Data shown
____________________

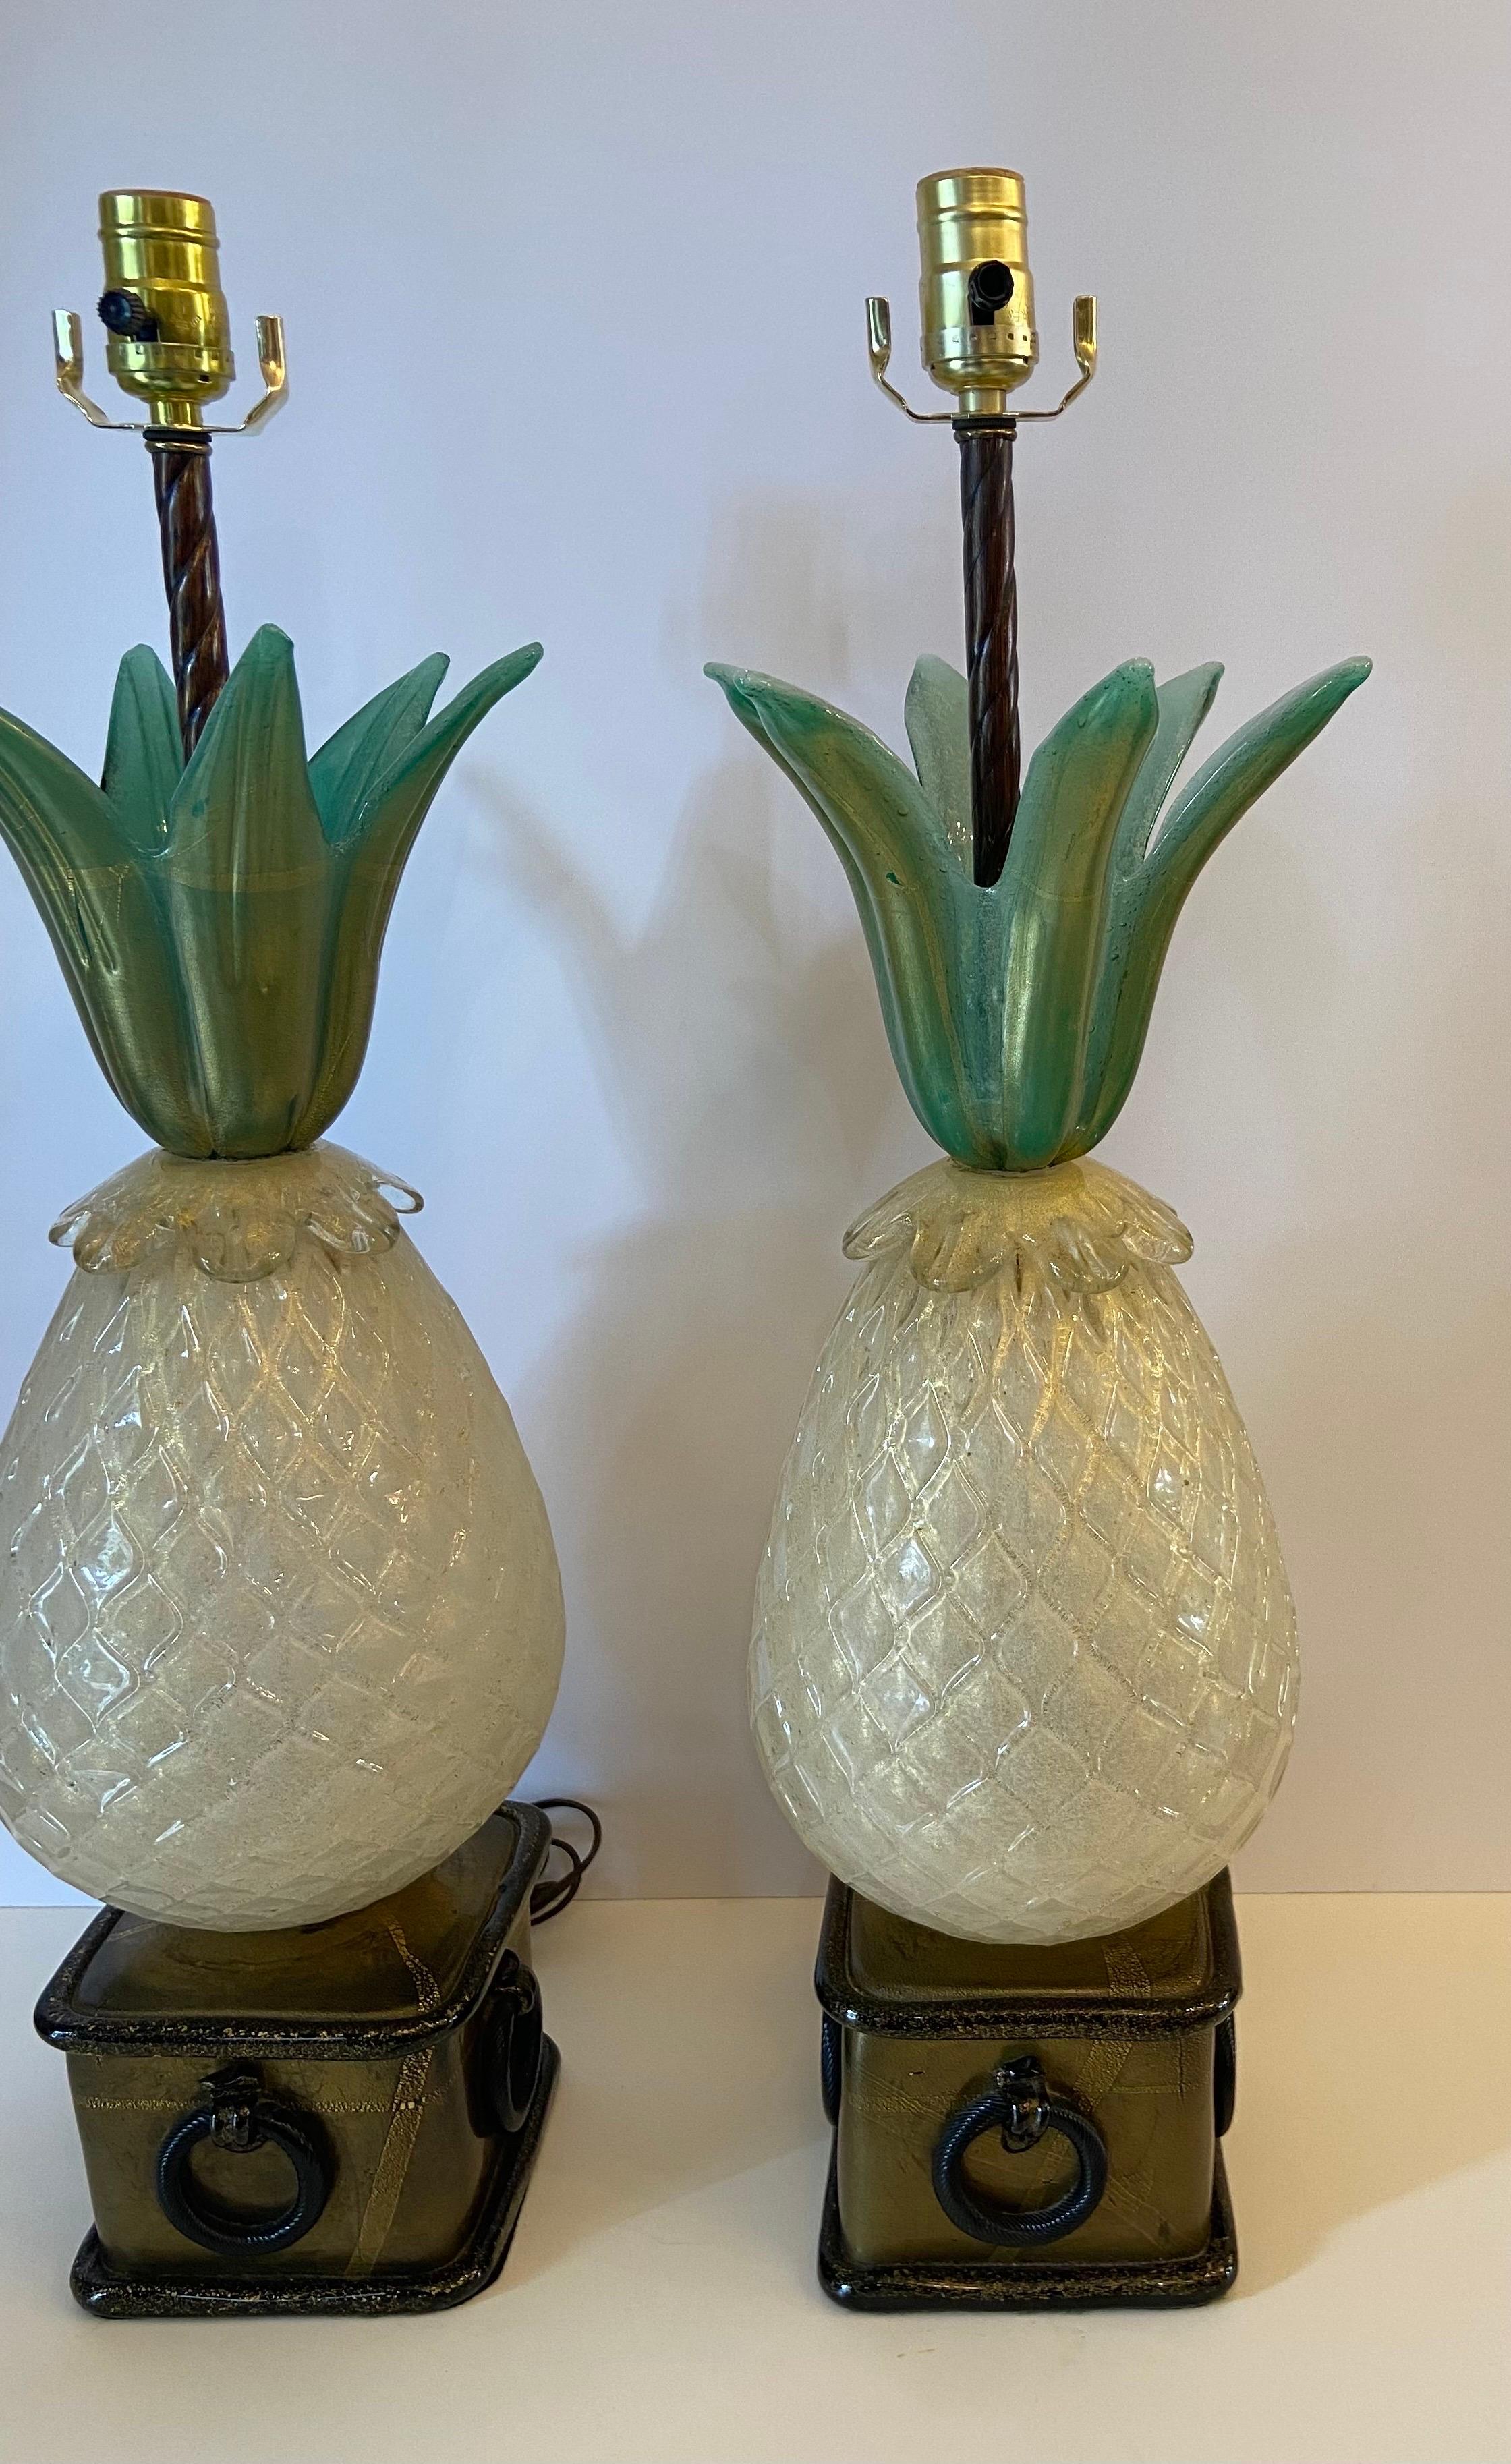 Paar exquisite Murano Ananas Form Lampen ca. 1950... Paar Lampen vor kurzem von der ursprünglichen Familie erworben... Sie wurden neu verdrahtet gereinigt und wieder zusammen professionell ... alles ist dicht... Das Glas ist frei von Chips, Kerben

____________________

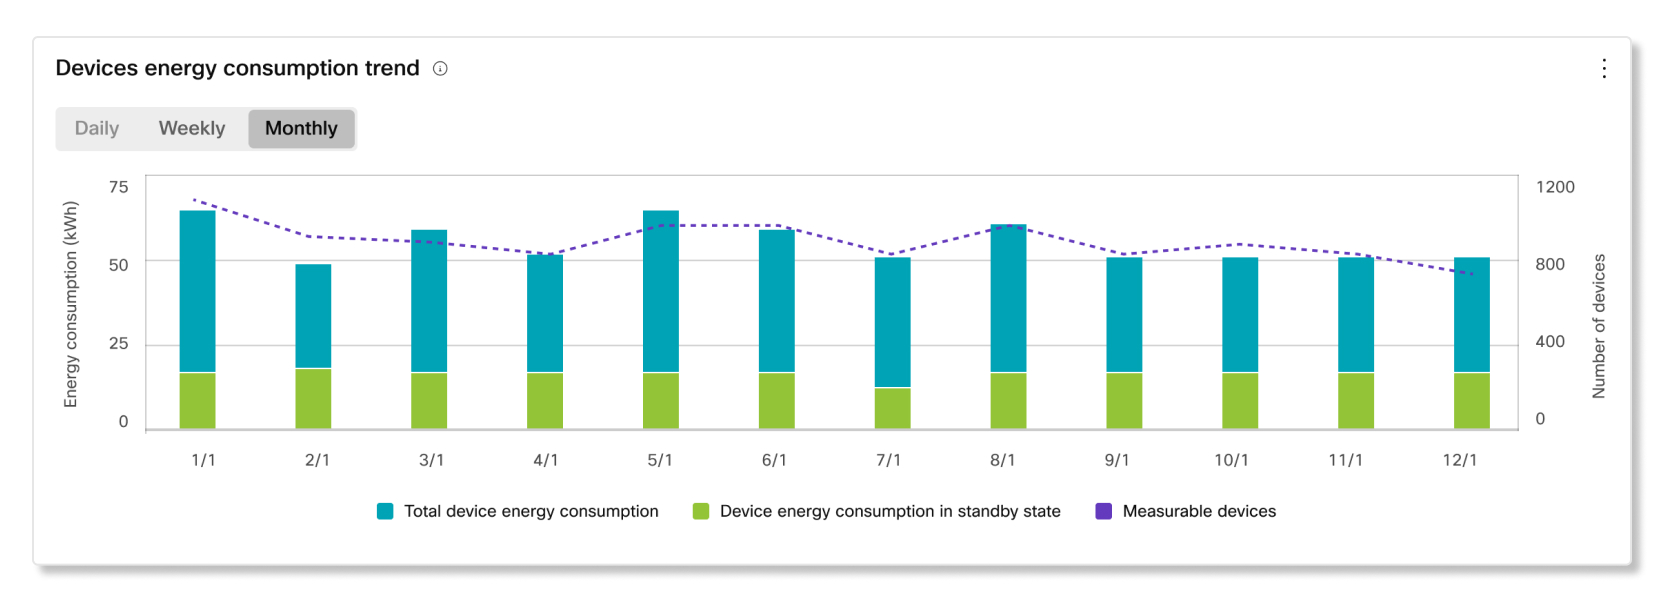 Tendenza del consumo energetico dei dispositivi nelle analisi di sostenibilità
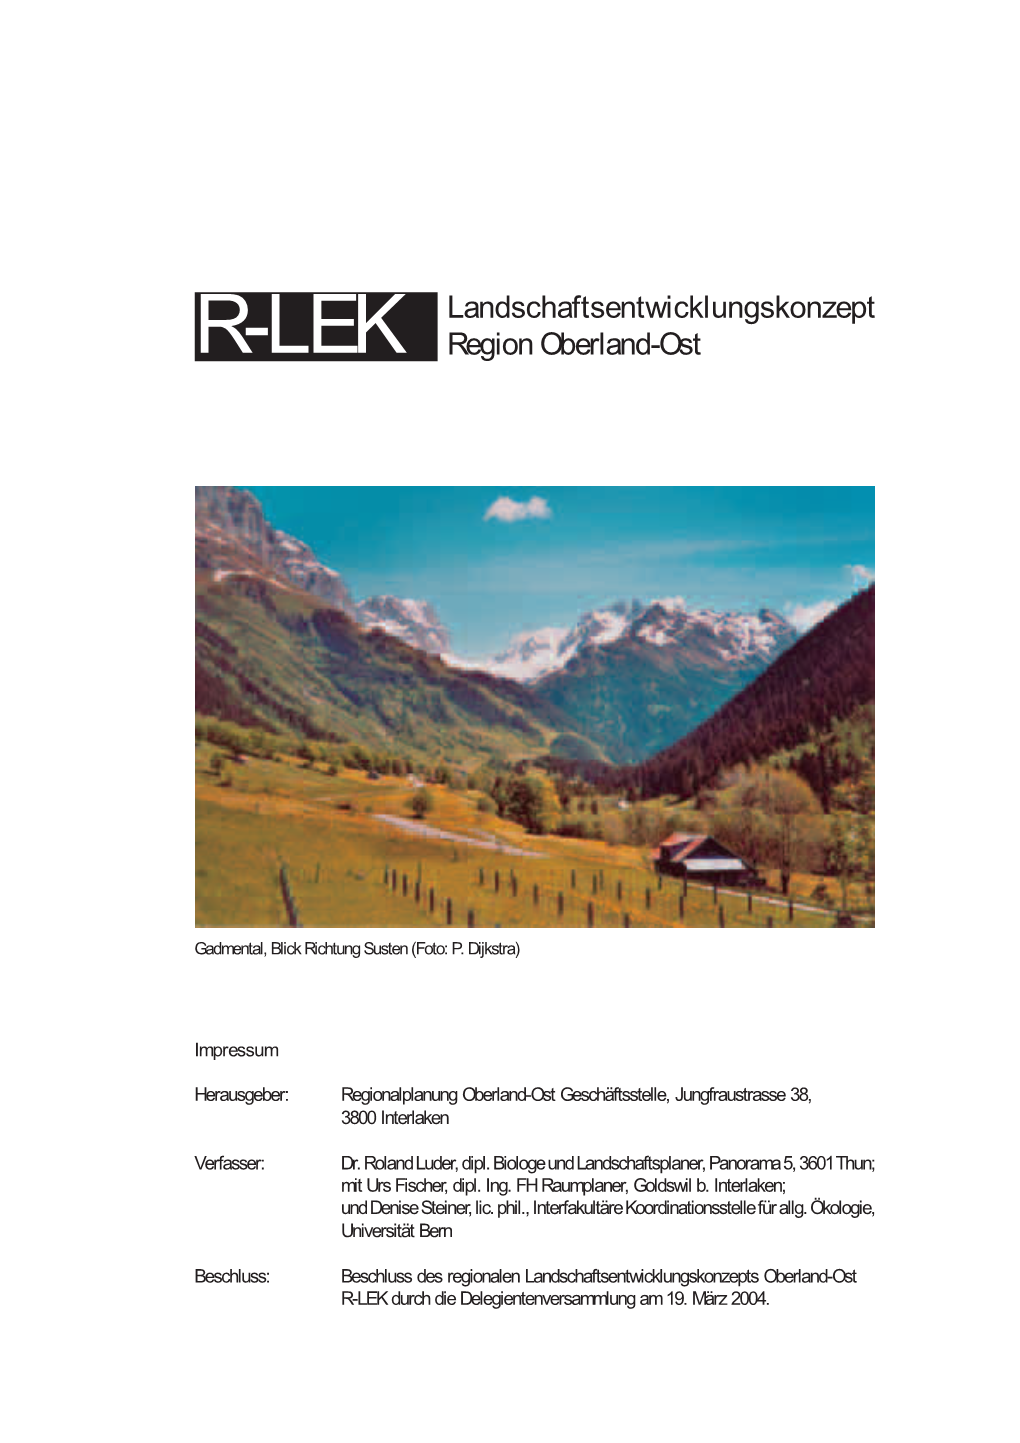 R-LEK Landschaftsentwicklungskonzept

____________________

Print exactly, with no pictures, the lines above from the one that holds "Tendenza del consumo" through the one that holds "R-LEK Landschaftsentwicklungskonzept", both of them included.

Solution for this problem
 Tendenza del consumo energetico dei dispositivi nelle analisi di sostenibilità
 R-LEK Landschaftsentwicklungskonzept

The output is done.